* _STORED DATA_
------------------------------------
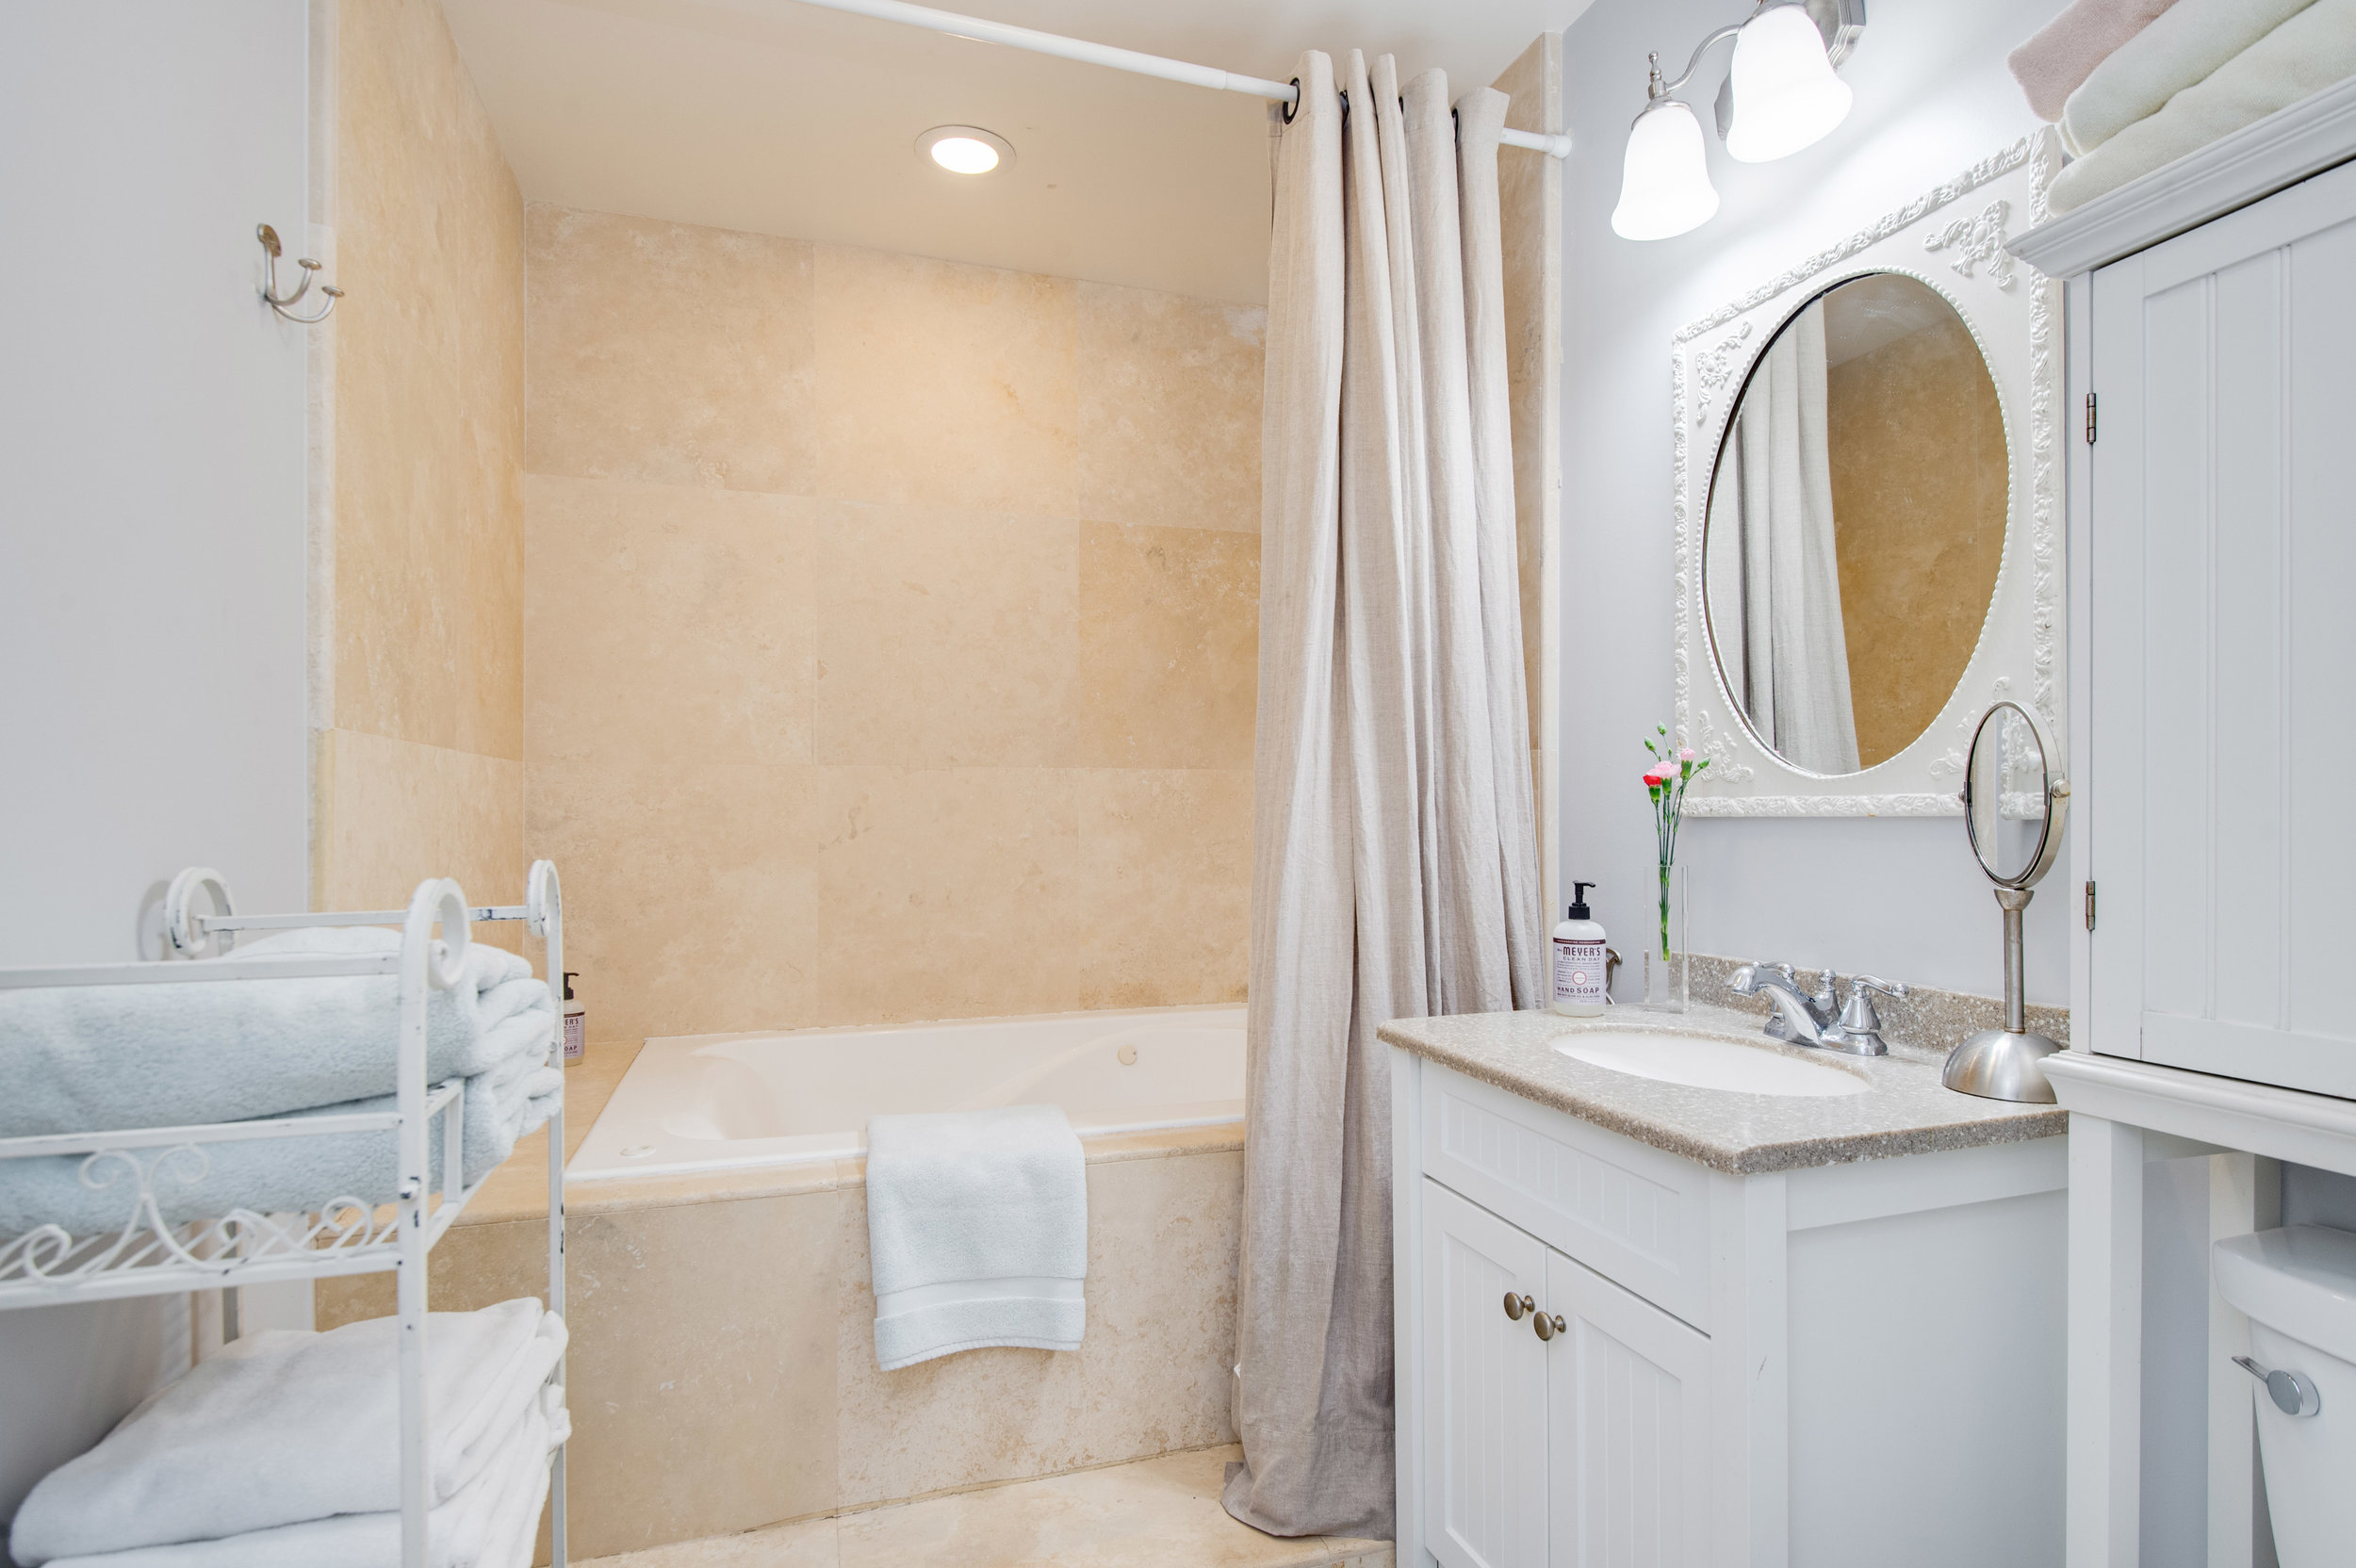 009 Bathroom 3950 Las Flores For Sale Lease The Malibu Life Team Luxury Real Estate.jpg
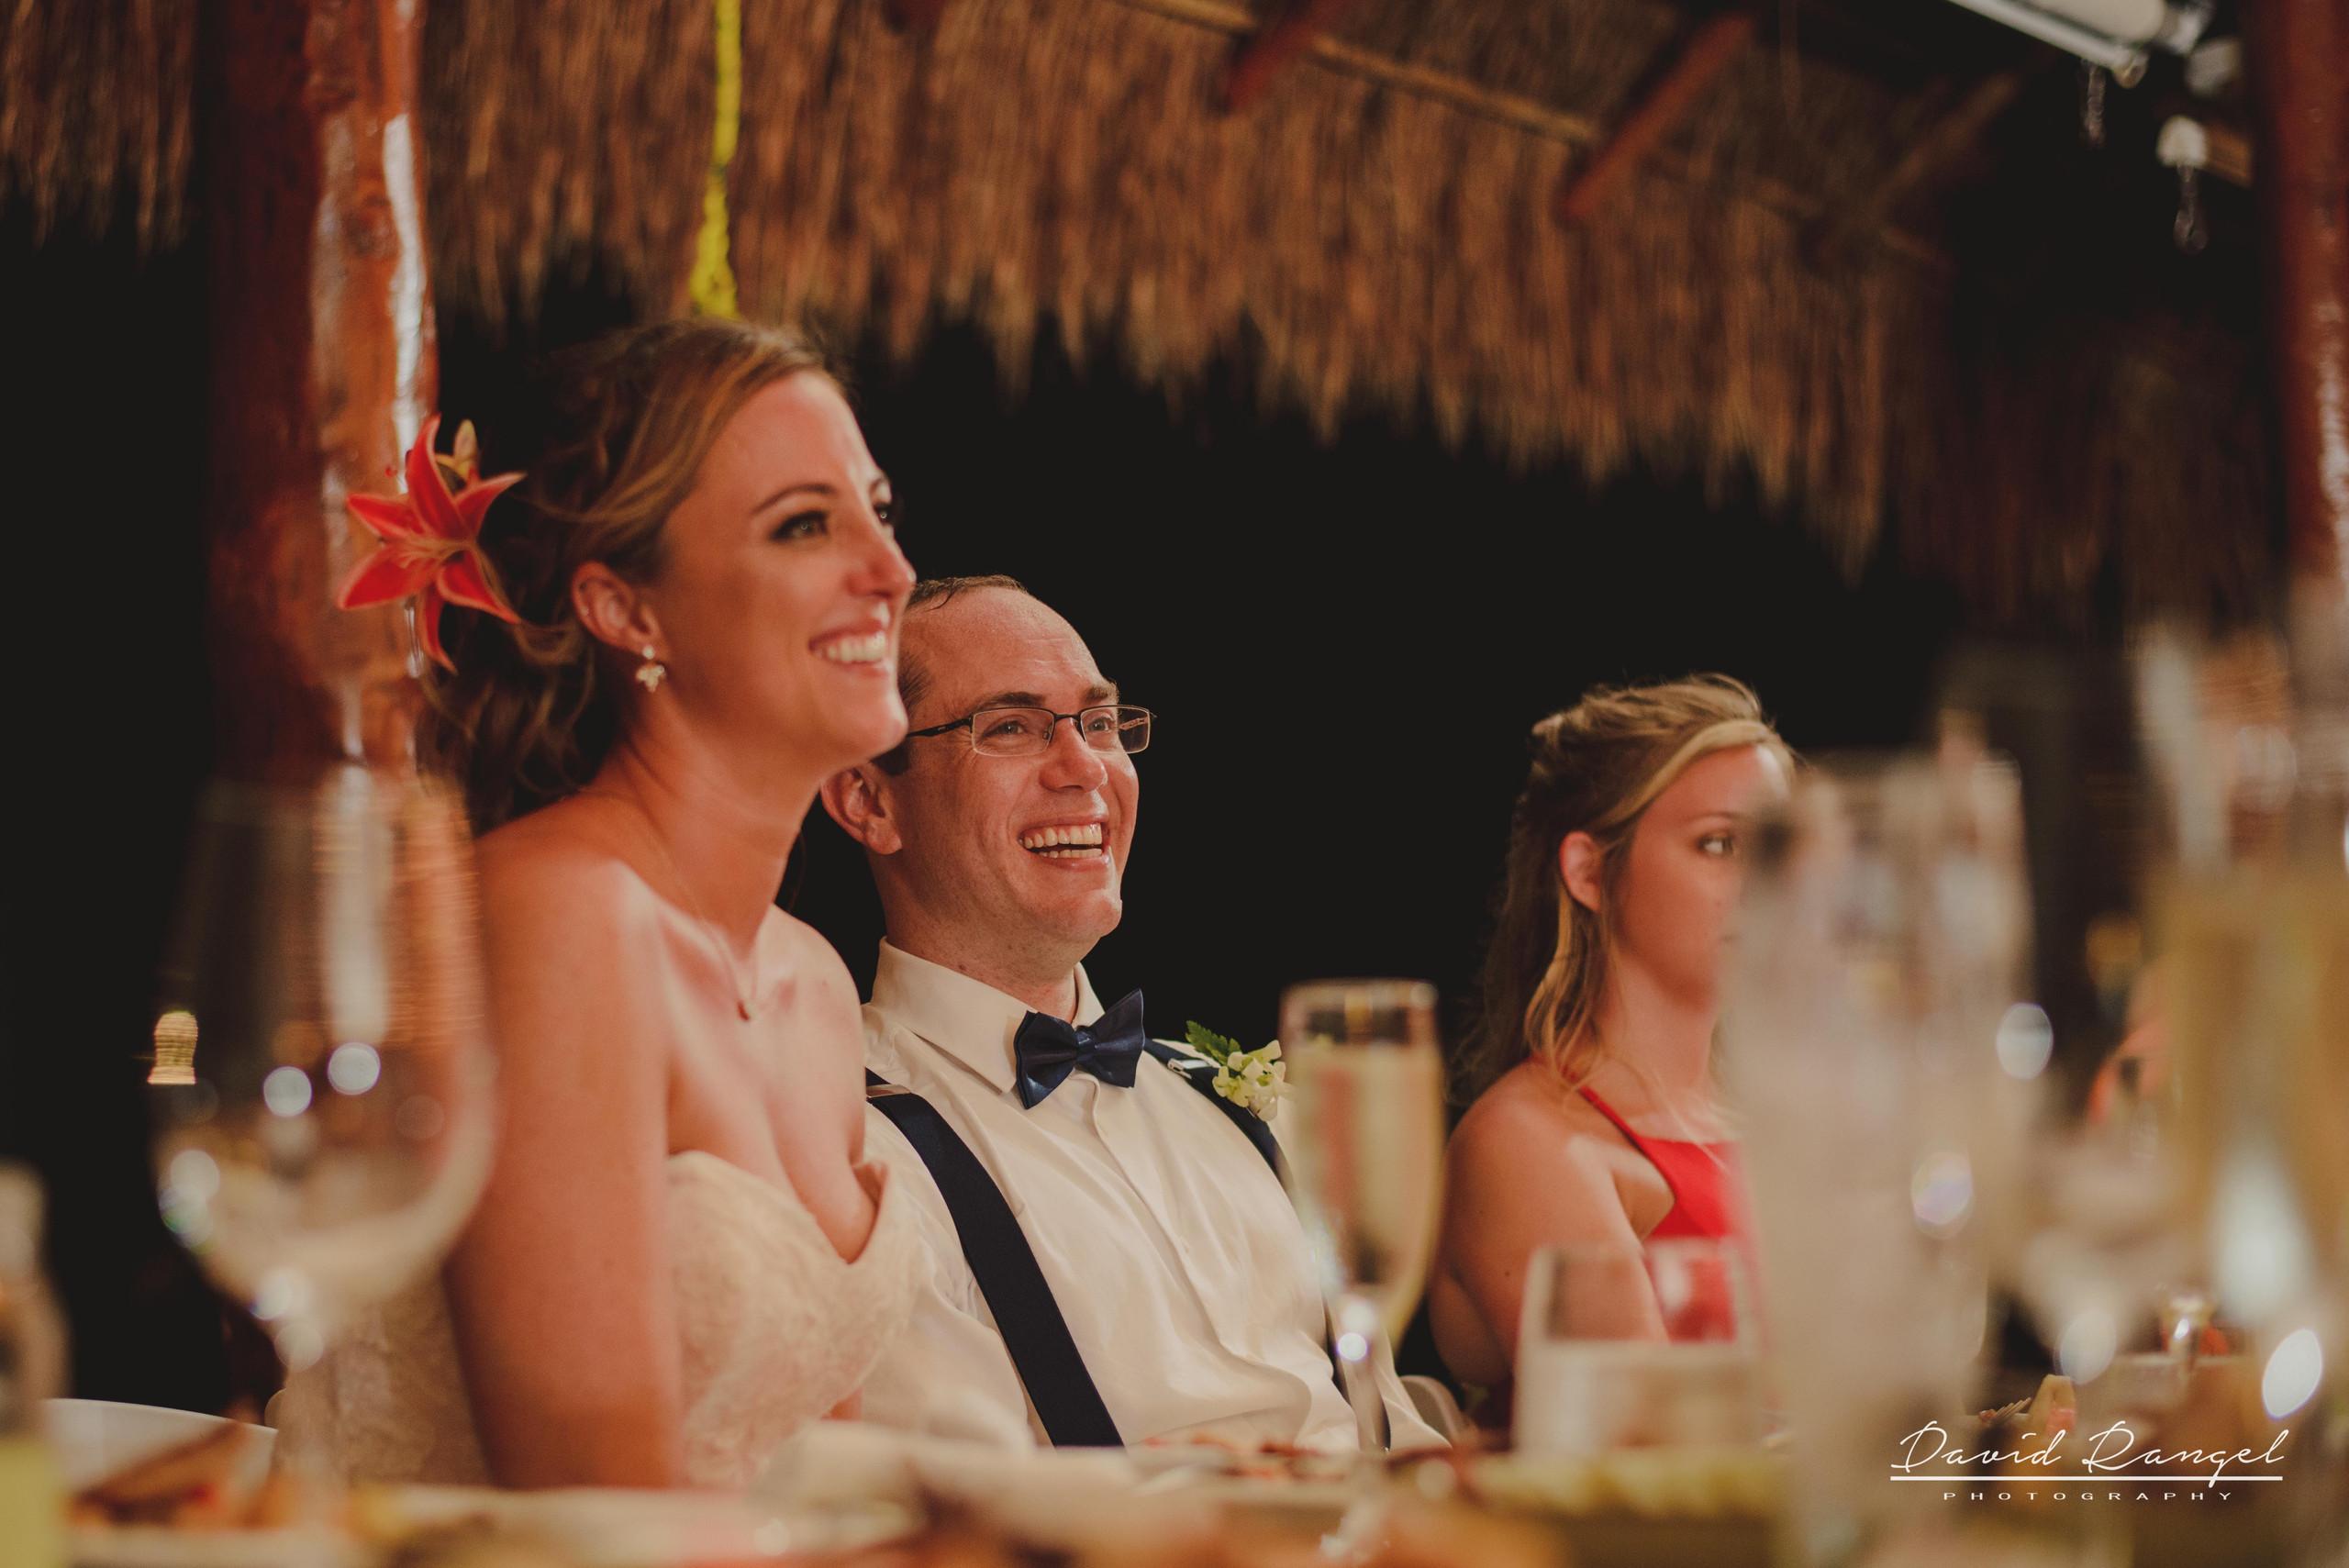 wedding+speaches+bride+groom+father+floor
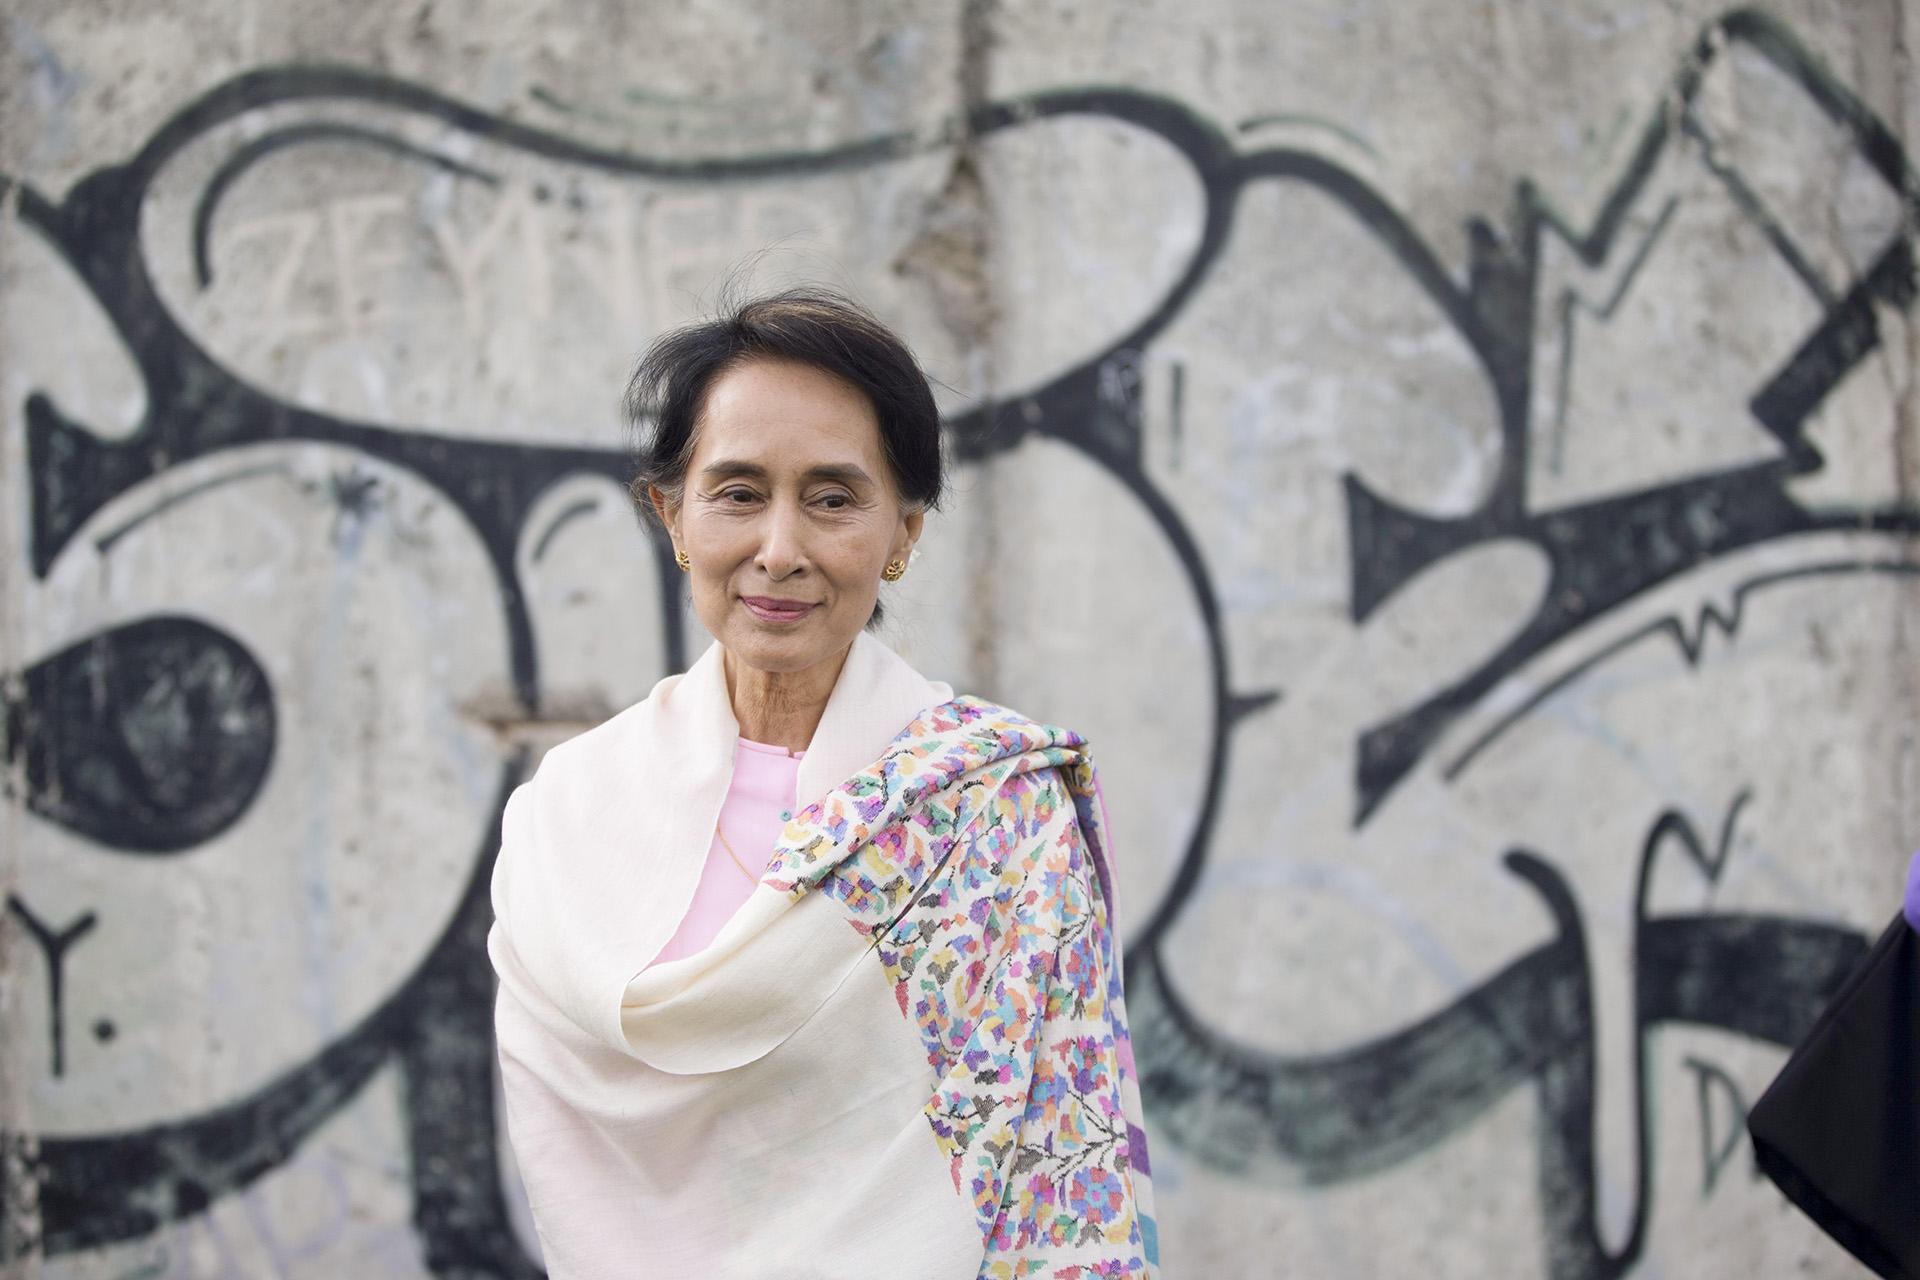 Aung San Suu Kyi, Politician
------------------------------------
* _THE PROBLEM_
The reply should consist of the listing restated word for word, with its pictures removed.

* _TASK OUTPUT_
 009 Bathroom 3950 Las Flores For Sale Lease The Malibu Life Team Luxury Real Estate.jpg
 wedding+speaches+bride+groom+father+floor
 Aung San Suu Kyi, Politician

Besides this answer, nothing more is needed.